▶ [THE DATA]
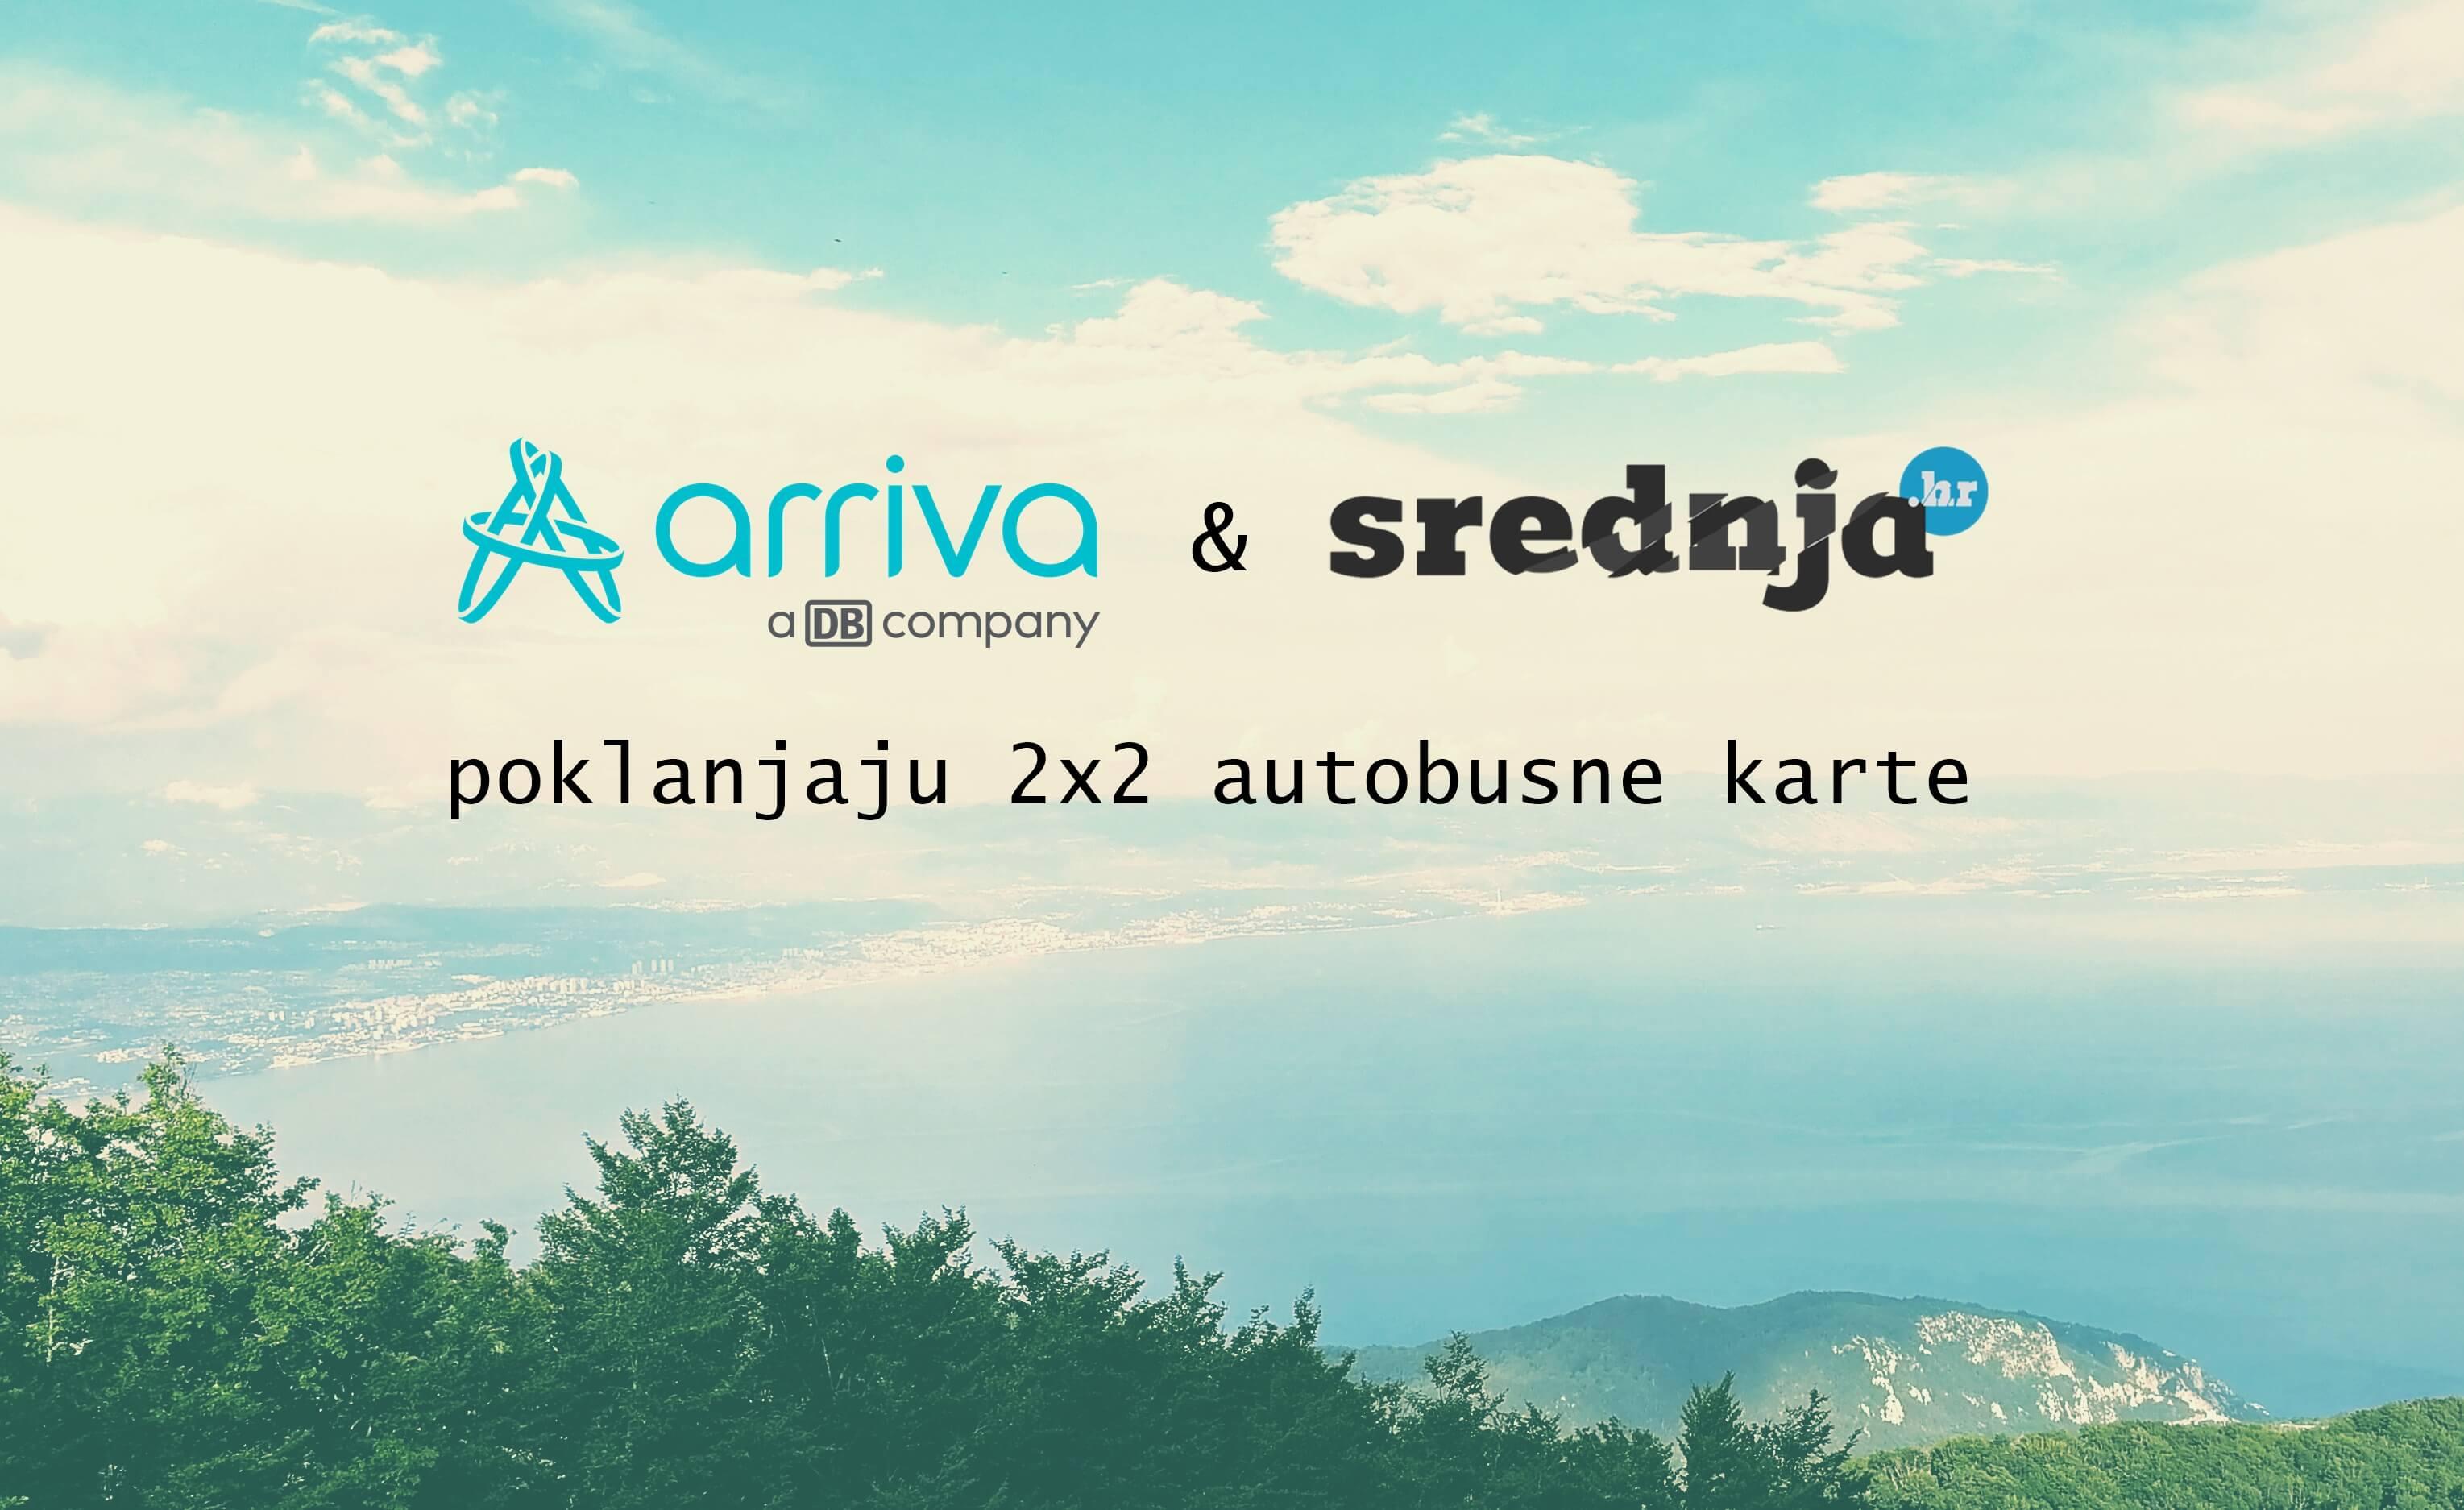 Srednja.hr i Arriva Hrvatska poklanjaju 2×2 autobusne karte
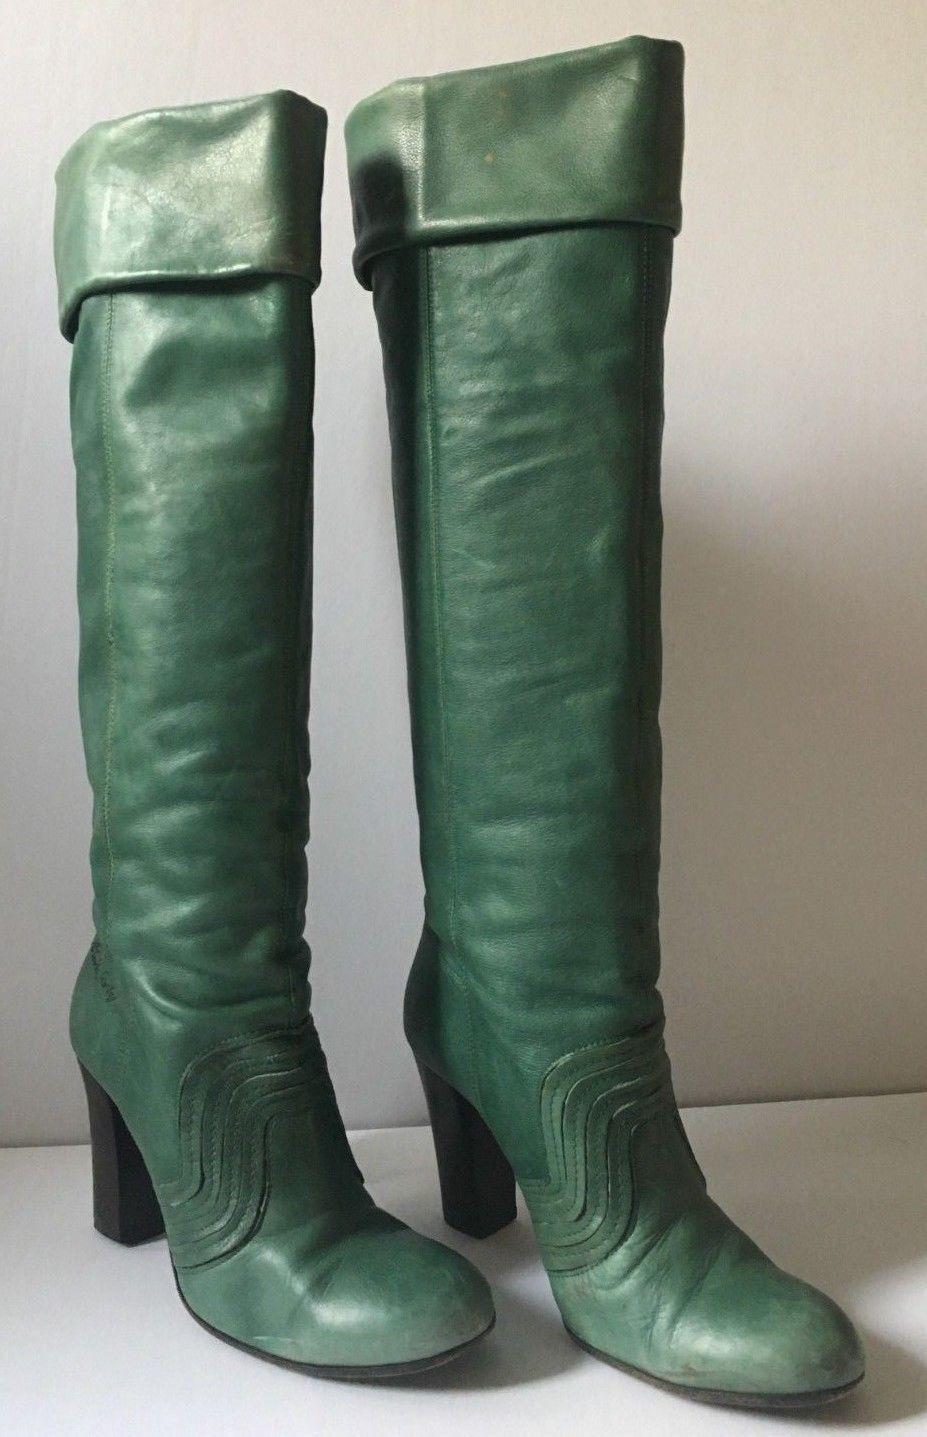 spedizione veloce e miglior servizio Rare Italian verde leather stivali Designer Designer Designer Miss Sixty Dimensione 40 (Dimensione 9) unique  100% nuovo di zecca con qualità originale
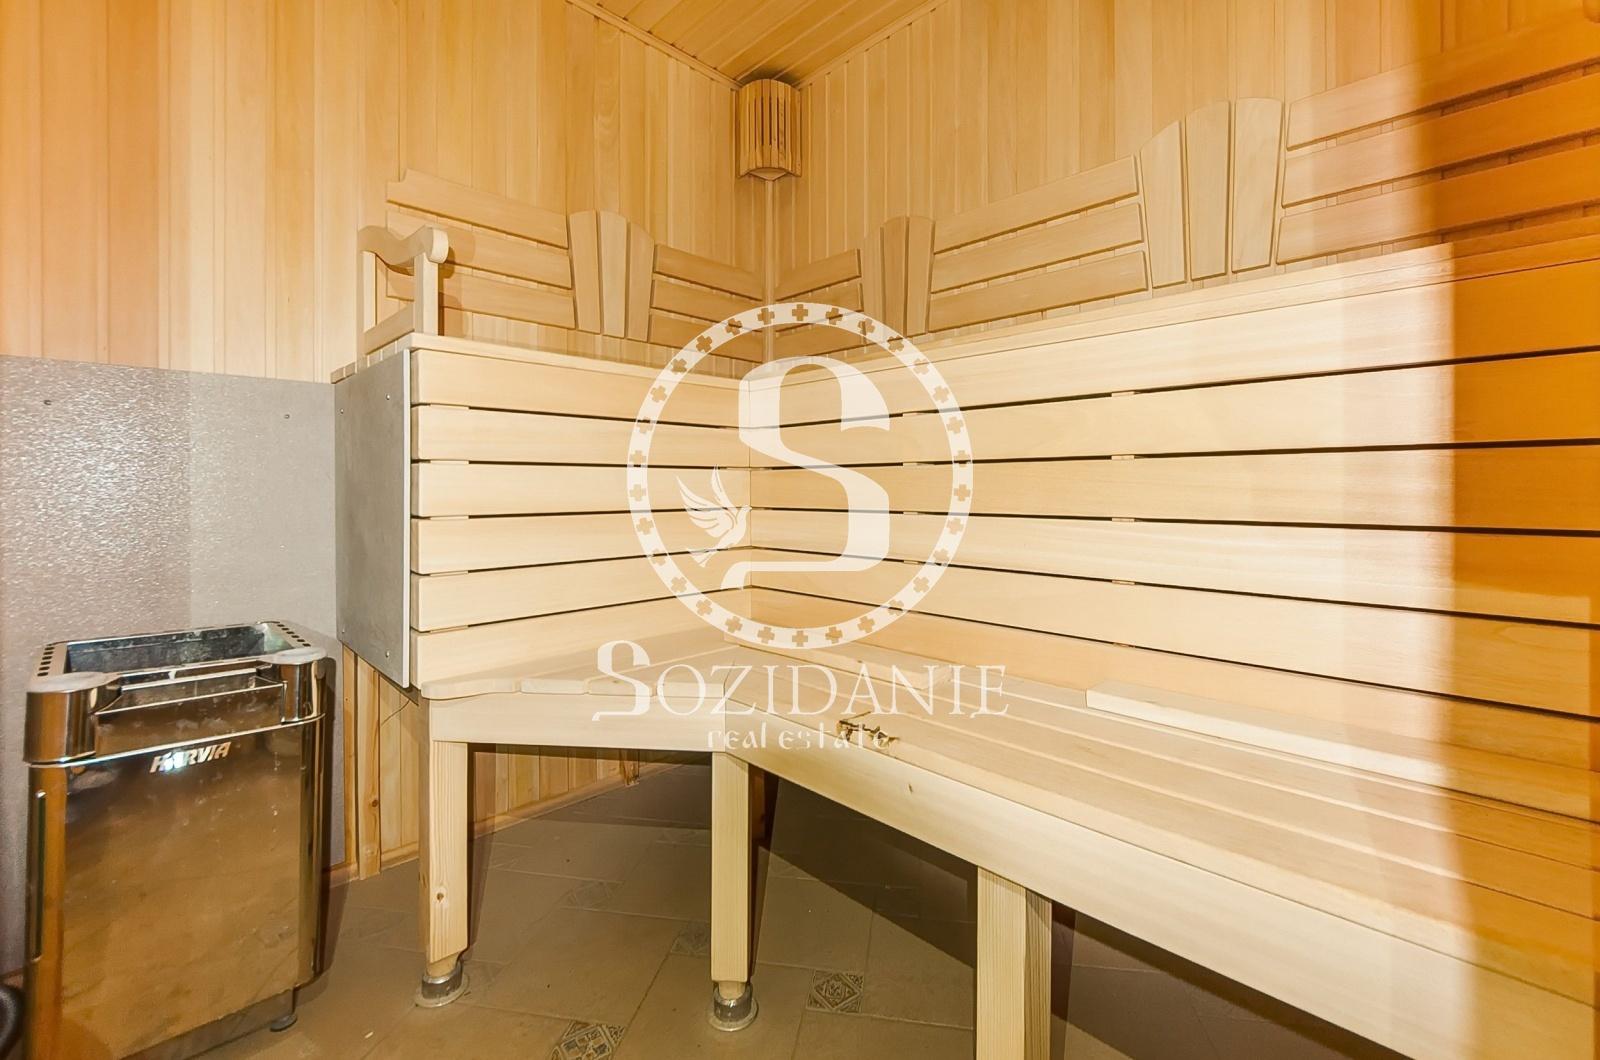 4 Bedrooms, Загородная, Продажа, Listing ID 1080, Московская область, Россия,

▶ [TASK REQUIREMENTS] Repeat every line above exactly, but omit all images.

▶ [RESPONSE BELOW]
 Srednja.hr i Arriva Hrvatska poklanjaju 2×2 autobusne karte
 spedizione veloce e miglior servizio Rare Italian verde leather stivali Designer Designer Designer Miss Sixty Dimensione 40 (Dimensione 9) unique  100% nuovo di zecca con qualità originale
 4 Bedrooms, Загородная, Продажа, Listing ID 1080, Московская область, Россия,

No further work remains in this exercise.